The positive number $m$ in Eq (3.1) is included to ensure the existence of a margin between distances of negative pairs and distances of positive pairs. $Distance_{S}$ and $Distance_{D}$ in the above equation represent the Euclidean distance of similar pairs $(X_{a}, X_{p})$ in latent space and the Euclidean distance of dissimilar pairs $(X_{a}, X_{q})$ in latent space, respectively. Their exact equations are as follows:

$\begin{equation} Distance_{S} = \Vert Model(X_{a})-Model(X_{p}) \Vert_2 \end{equation}$

(3.2)

$\begin{equation} Distance_{D} = \Vert Model(X_{a})-Model(X_{q}) \Vert_2 \end{equation}$

(3.3)

Regarding the loss function, $Loss$ , it contains three cases, as shown in Figure 3:

Figure 3. There are three possible scenarios for loss function optimization.
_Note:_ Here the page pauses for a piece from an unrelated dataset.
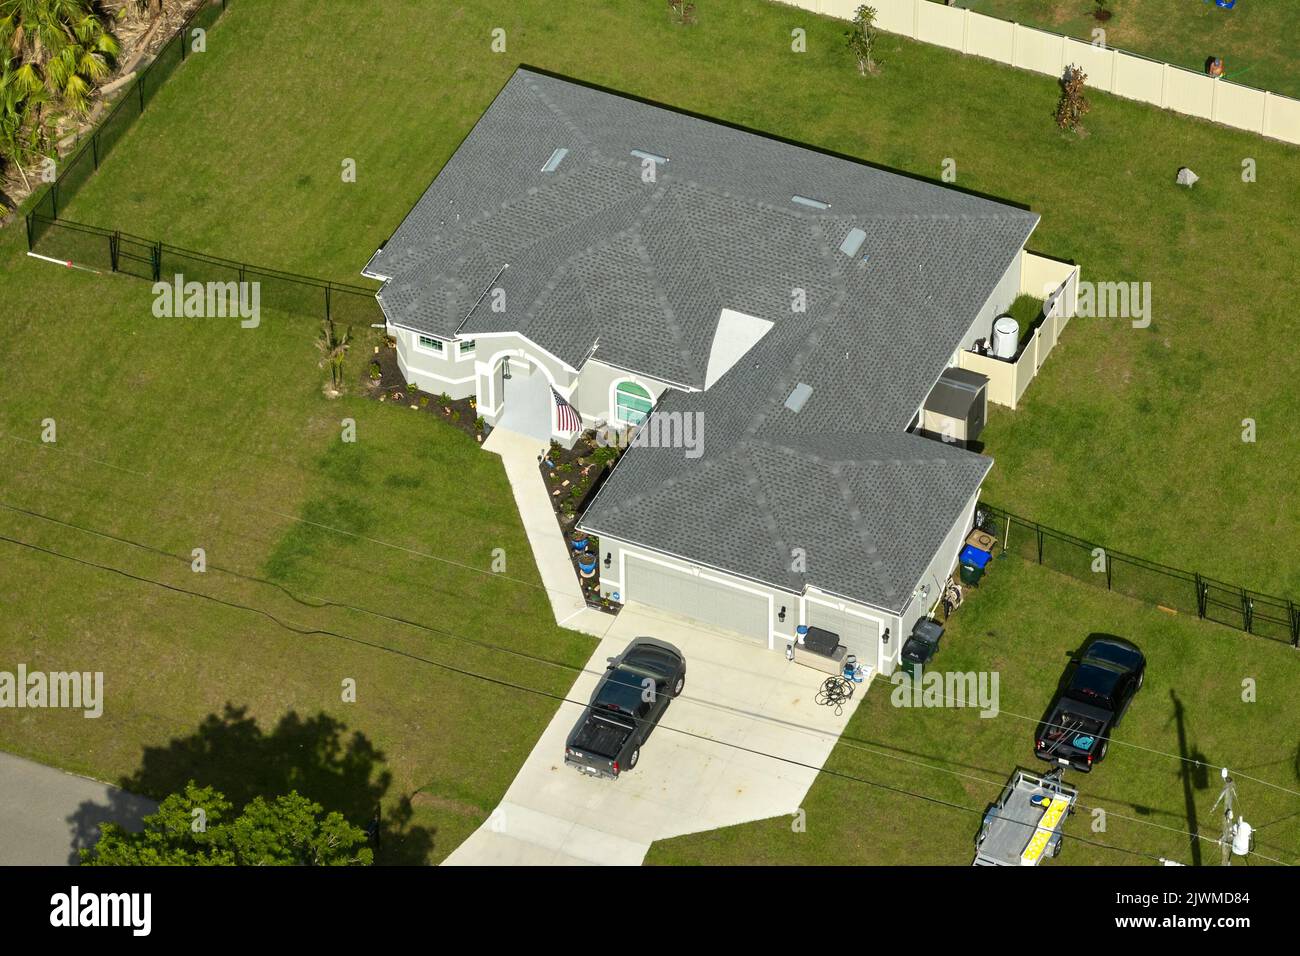 Vue aérienne d'une maison privée américaine contemporaine typique avec toit recouvert de bardeaux d'asphalte et pelouse verte sur cour Banque D'Images

DownLoad: Full-Size Img PowerPoint

1) Case 1: When $Distance_{S}+m < Distance_{D}$ , it means that the distance between $X_{a}$ and $X_{p}$ plus the margin is less than the distance between $X_{a}$ and $X_{q}$ , that is, the distance between the anchor and the positive sample is closer, while the distance between the anchor and the negative sample is farther. In this case, no optimization is required, and the positive and negative examples are naturally separated.

2) Case 2-1: When $Distance_{S}+m > Distance_{D}$ and $Distance_{S} < Distance_{D}$ , it indicates that the distance between $X_{a}$ and $X_{p}$ plus the margin is greater than the distance between $X_{a}$ and $X_{q}$ , whereas the distance between $X_{a}$ and $X_{p}$ is less than the distance between $X_{a}$ and $X_{q}$ . In this case, there is a loss ( $Loss < m$ ), and the loss is relatively small; additionally, and the surrogate model's trainable parameters are optimized slightly.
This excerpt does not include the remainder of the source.